[djiang87]

I just did a prac at uni which was titled 'kinetics of propanone iodination by titration'. I had to perform 5 different 'runs'. One was a reference and the other 4 i varied the value of propanone and sulfuric acid. Then i added some iodine in it. After i left the flask in a waterbath for 10 minutes i added more iodine into it. Then after adding some acetate i titrated the solution against sodium thiosulphate. Now i have to interpret my data that i got from this experiment which is a problem for me. I then calculated the conc of iodine in each flask from the titrations. However i need help with some of the questions:

For the eqn's [A]~[A]^0 - k't for a=0 and 1/[A]~1/[A]o+k't for a=2 i have to relate them to the relevant graph. Problem is wot types of graphs do these eqns go to? Im thinking the first one goes to a linear plot with negative slope? and im not too sure bout the 2nd one

wot species are involved in the rate determining step? This i have no clue at all

And finally given that there is an equilibrium between propanone and its enol and that halogens rapidly attatch carbon to carbon double bonds devise a plausible mechanism for the reaction? this im not too sure either

There are other questions but i think i got them. Any help is much appreciated.
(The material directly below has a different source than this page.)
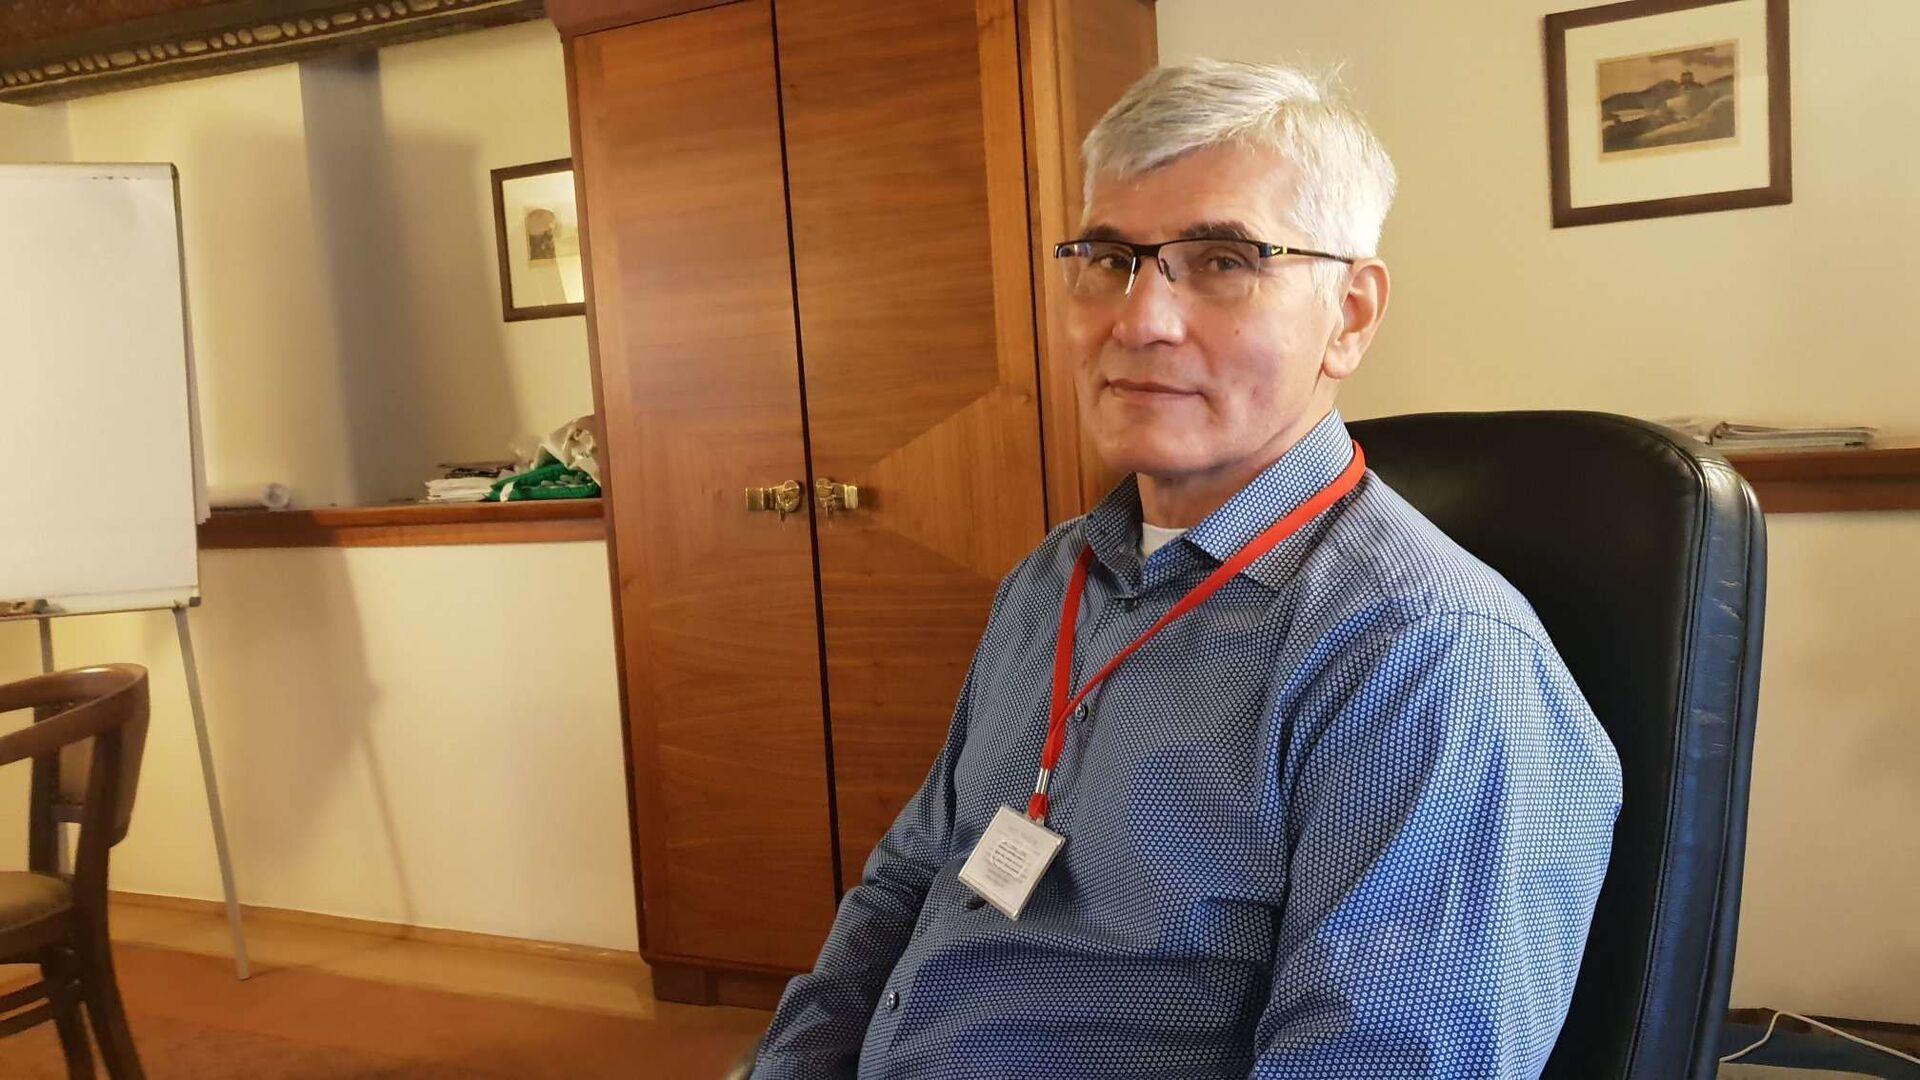 Epidemiolog Jiří Beran - Sputnik Česká republika, 1920, 25.07.2021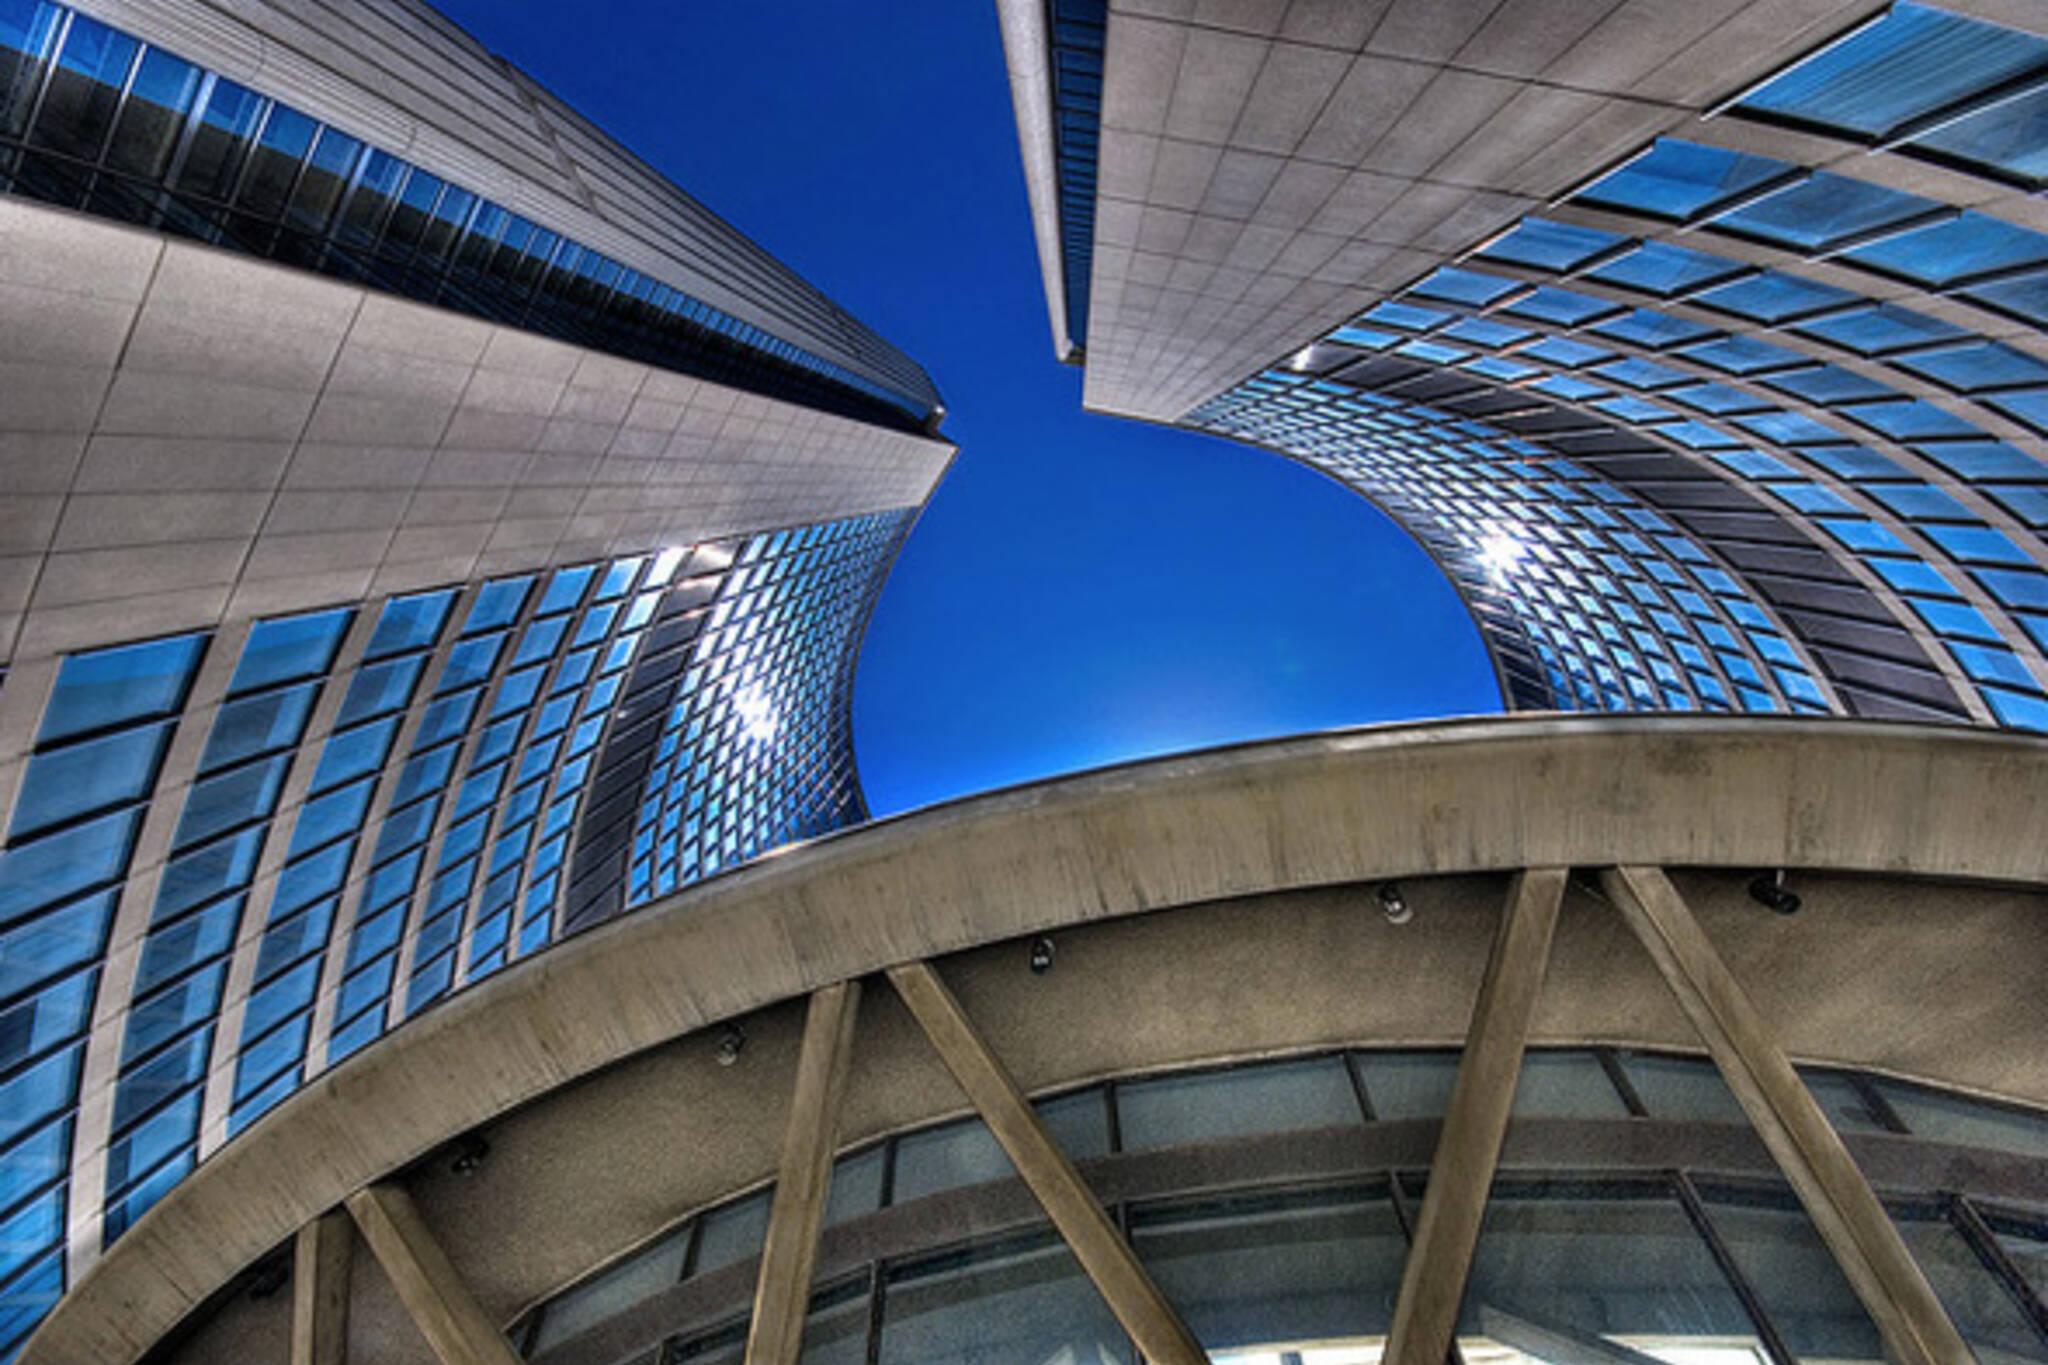 2012 Toronto Budget

Thanks

[Johnny010]

I am going to assume k' is a pseudo first order rate constant:

First ln[A]_t=ln[A]₀ - k't

Plot ln[A]_t vs. t
This will give a negative slope with a gradient of -k'

Then using this value for the rxn rate (assuming this is a first order rxn):

ln k' = ln A - Ea/R * 1/T

Plot ln k' vs 1/T to get another negative sloped graph, with -Ea/R as the gradient.

From that you get Ea.


Look up Enolates for the mechanism:

The acidic H causes enolisation (the formation of a dbl bond adjacent to a hydroxyl carbon) C=C(OH).

The enolisation is highly in favour of the ketone so the enolate is the rate determining step/species of the reaction.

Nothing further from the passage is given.